__Collected material__:
::::

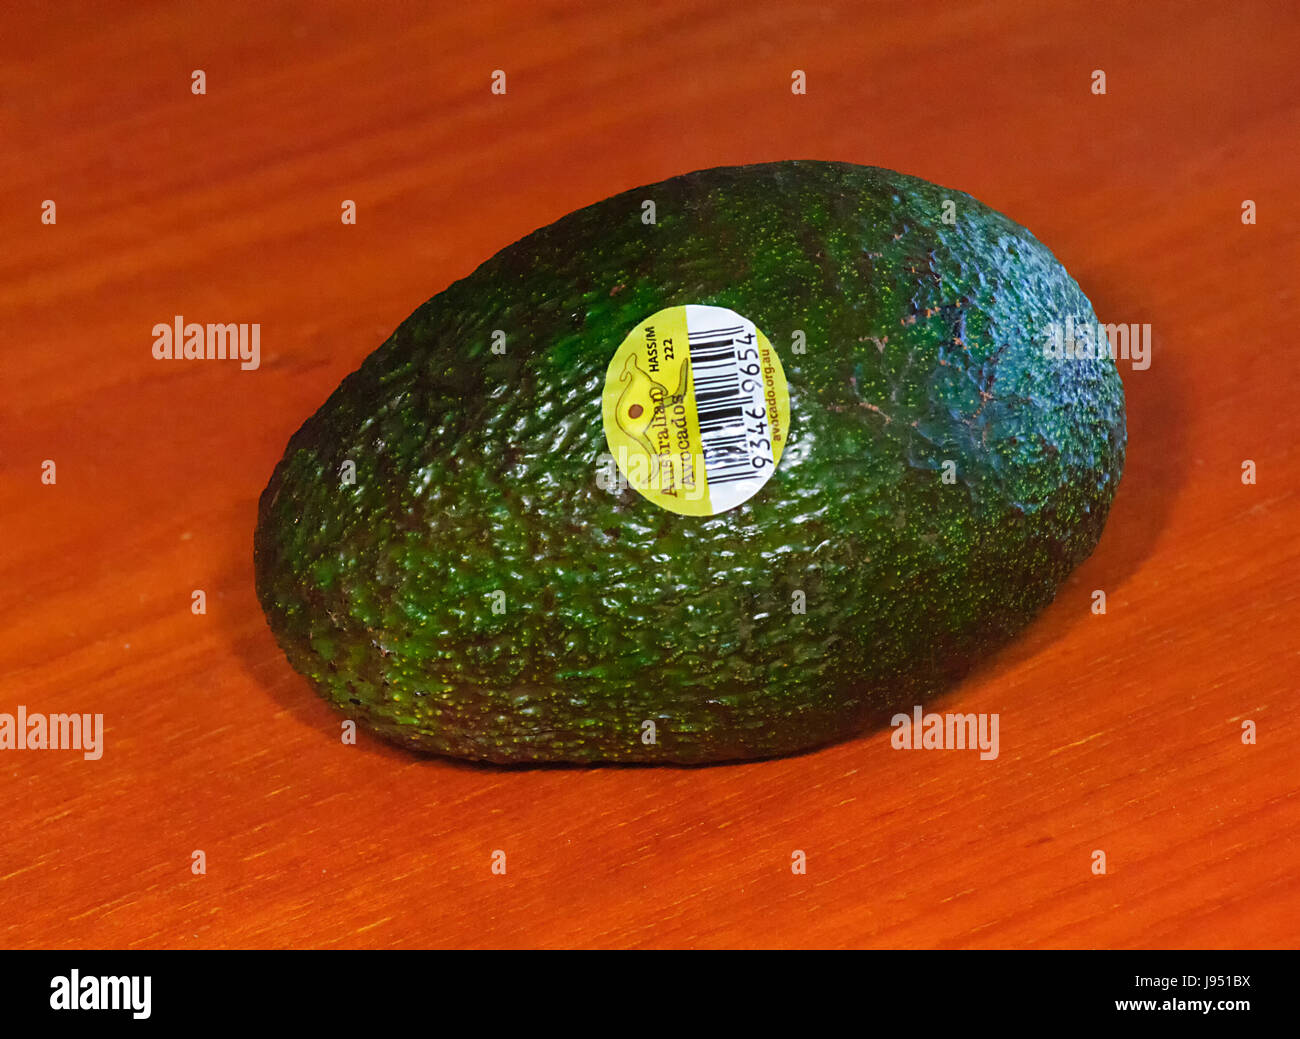 Il codice a barre e l'etichetta di un australiano cresciuto Pere di avocado, Australia Foto Stock
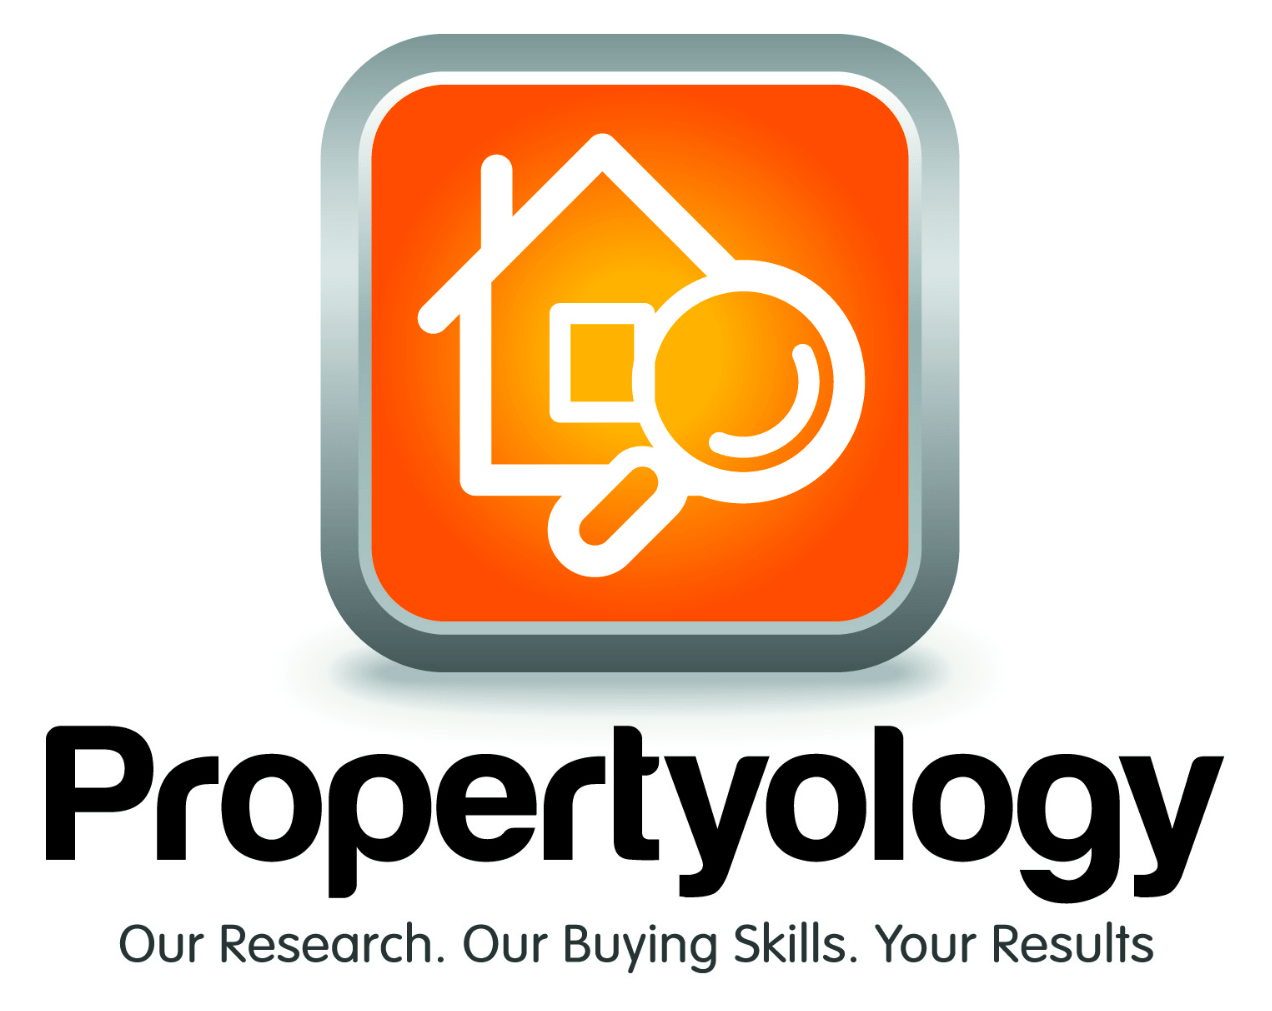 Propertyology
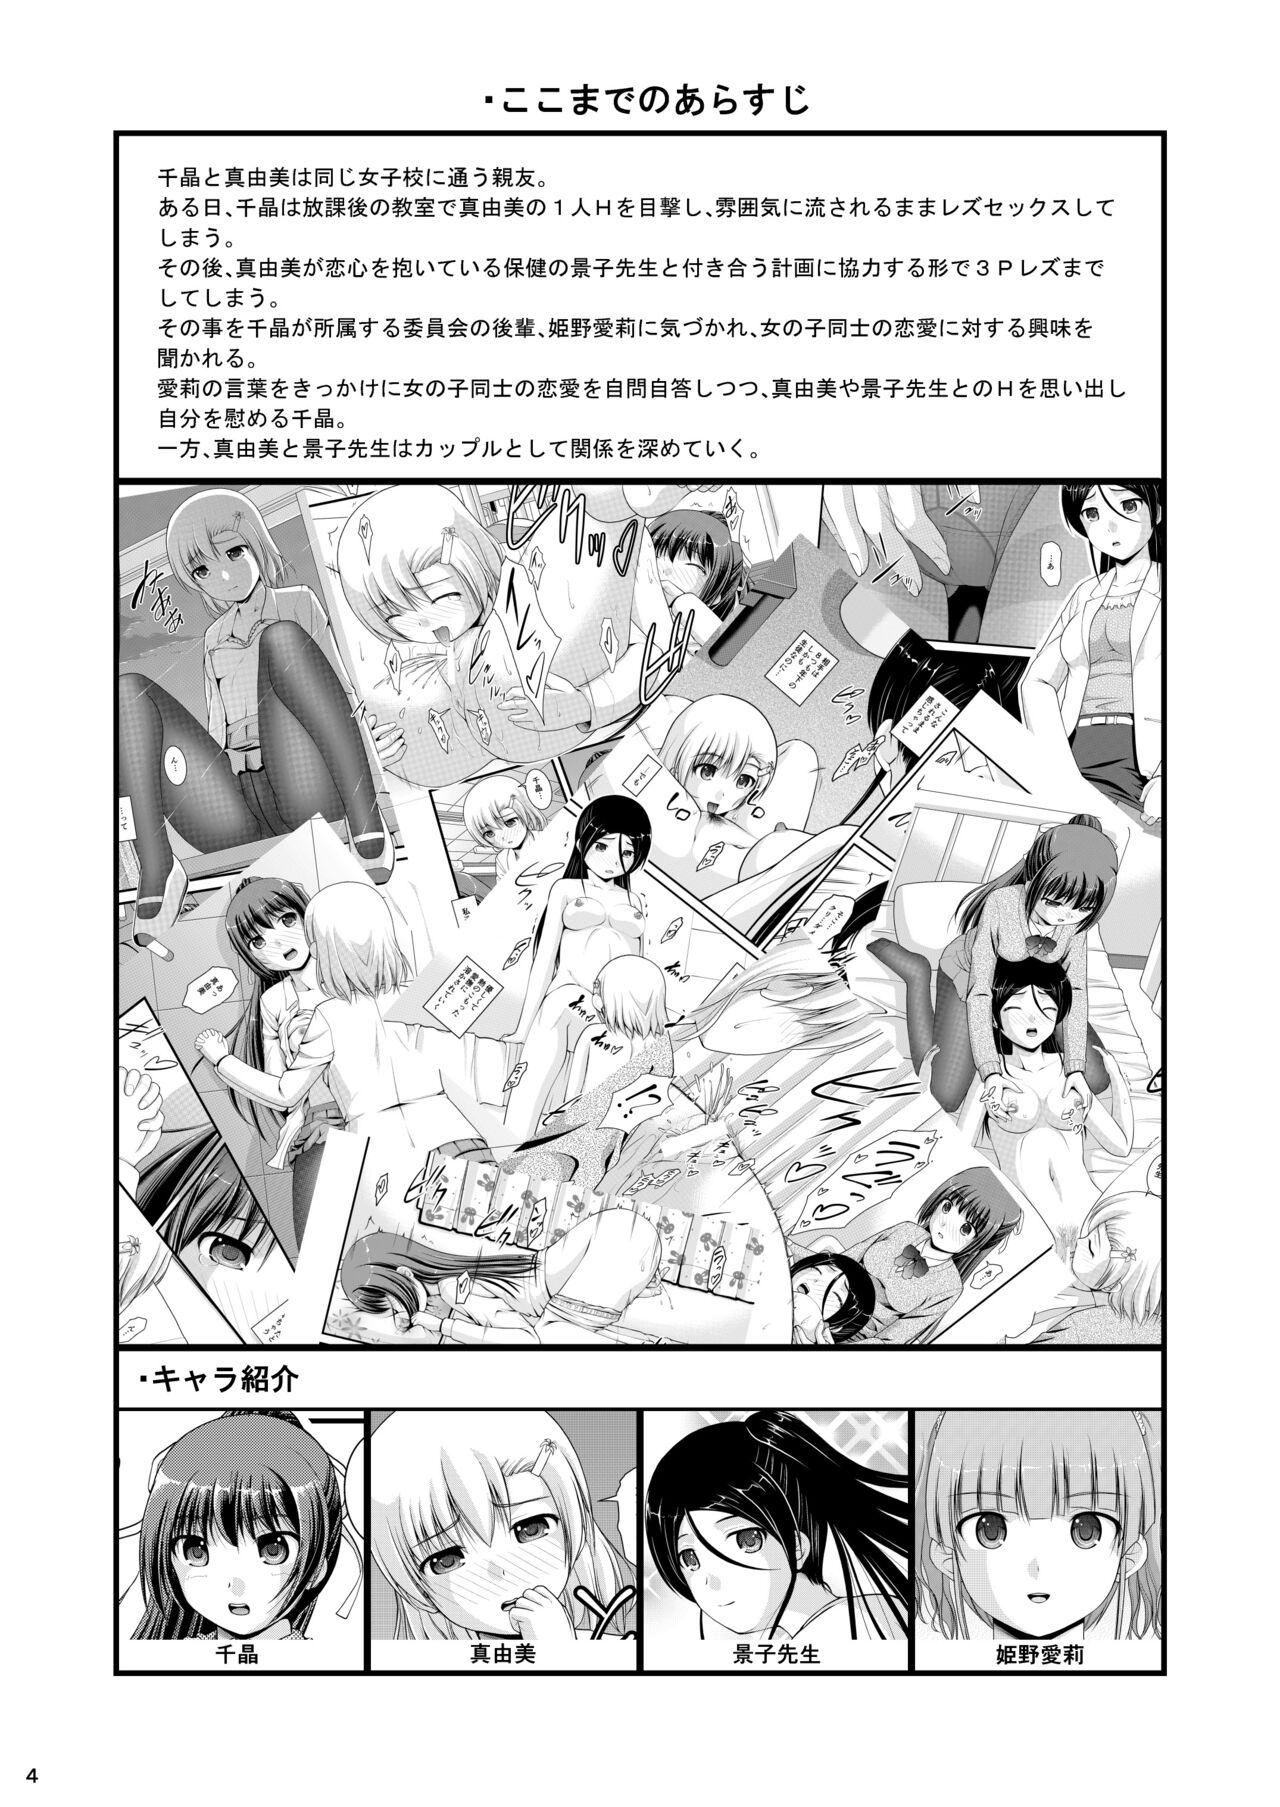 Blowjob Yurikko wa Houkago ni Yurameki Hanasaku 4 - Original Slim - Page 4

::::

__Work to complete__: Repeat the listing exactly, pictures excluded.

__Solution to this problem__:
 Il codice a barre e l'etichetta di un australiano cresciuto Pere di avocado, Australia Foto Stock
 Propertyology
 Blowjob Yurikko wa Houkago ni Yurameki Hanasaku 4 - Original Slim - Page 4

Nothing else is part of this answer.